Именно так характеризовал дань другой участник упомянутой дискуссии М. Н. Мартынов. Ему принадлежит следующее утверждение: «Захват общинной земли, грабежи, насилия, частые войны, тяжелая дань — все это разоряло свободного смерда и превращало его в феодально-зависимого крестьянина. При таких условиях даннические отношения перерастали в феодальные отношения. Смерд, завоеванный варягами, данник, теперь стал феодальным крестьянином».
Примерно в том же ключе рассуждал М. И. Артамонов, рассмотревший в специальной статье археологические источники так называемой эпохи возникновения феодализма в Восточной Европе. В данной статье читаем: «Существенное значение для понимания появления богатых курганных могил, а, следовательно, и оставившего их социального слоя имеет связь этого рода памятников с возникающими городами. Этот слой общества сформировался вместе с городом — средоточением военно-торговой, рабовладельческой прослойки, постепенно превратившей даннические отношения окружающего земледельческого населения в феодальную, основанную на землевладении и отработочной ренте зависимость».
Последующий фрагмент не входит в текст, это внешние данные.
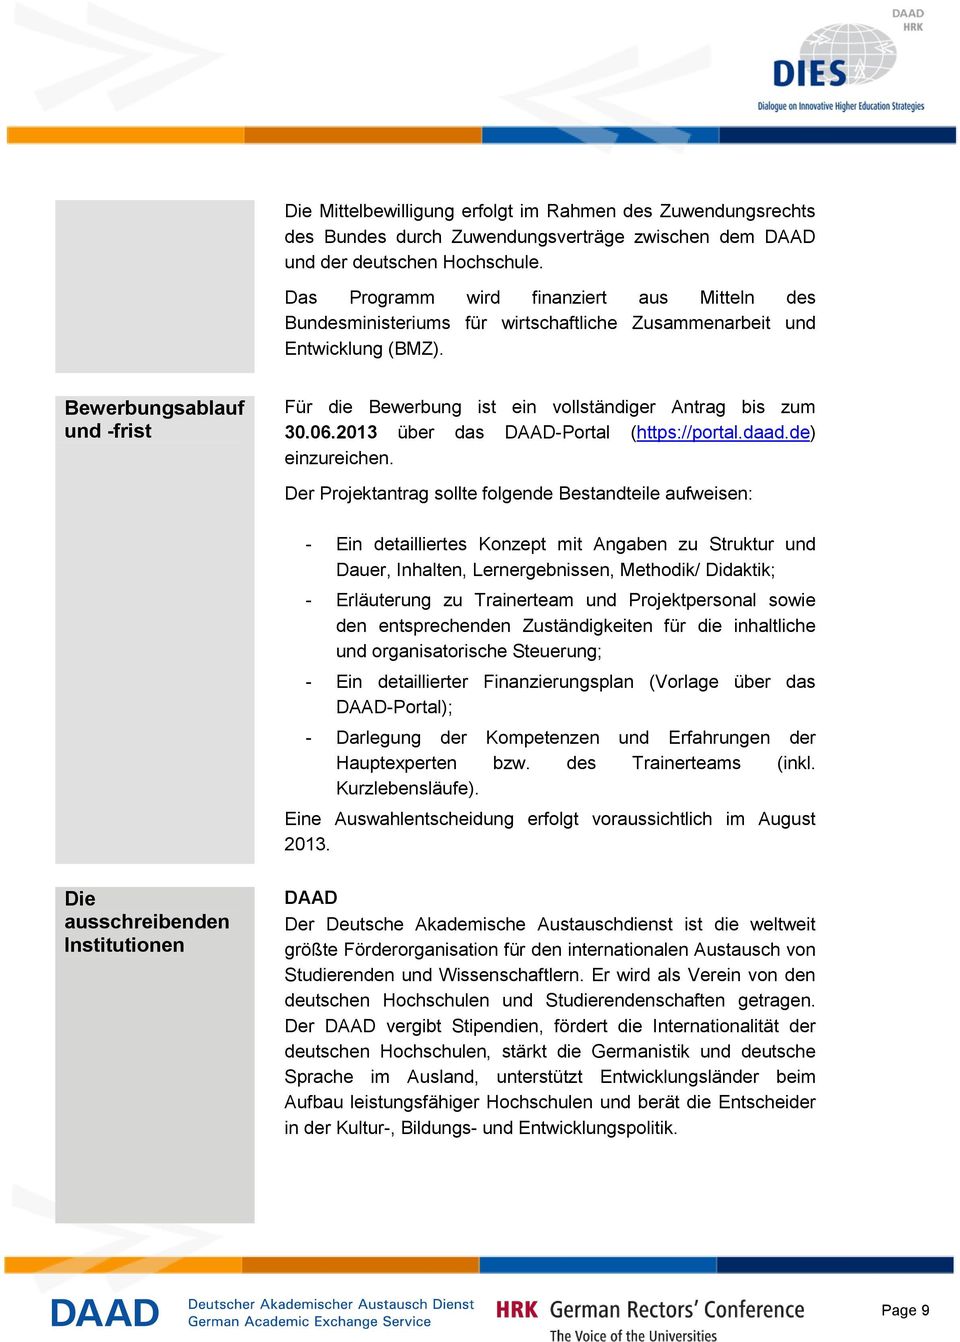 Bewerbungsablauf und -frist Für die Bewerbung ist ein vollständiger Antrag bis zum 30.06.2013 über das DAAD-Portal (https://portal.daad.de) einzureichen.

Далеко не все историки, работавшие в 30-е годы, поддерживали идею о перерождении дани в феодальную ренту на Руси Х-ХП вв. Противником ее был С.В. Вознесенский. Возникновение даннических отношений С. В. Вознесенский связал с деятельностью дружинников-воинов, бродивших по стране и оседавших в городах, откуда они, нападая на окрестных жителей, «примучивали» дань. Плательщиками дани были смерды — «свободное крестьянство, которое в VIII—IX вв. подвергалось разбойным нападениям военно-дружинного класса, образовавшегося по торговым путям-рекам — Волхову, верховьям Волги и Западной Двины и Днепру, а затем в Х-ХIII вв., будучи „примучено", вынуждено было платить регулярную дань». Эта дань в те времена не была еще феодальной рентой. Таковой она стала позже — в XIII-XV вв., выступая в форме продуктовой ренты.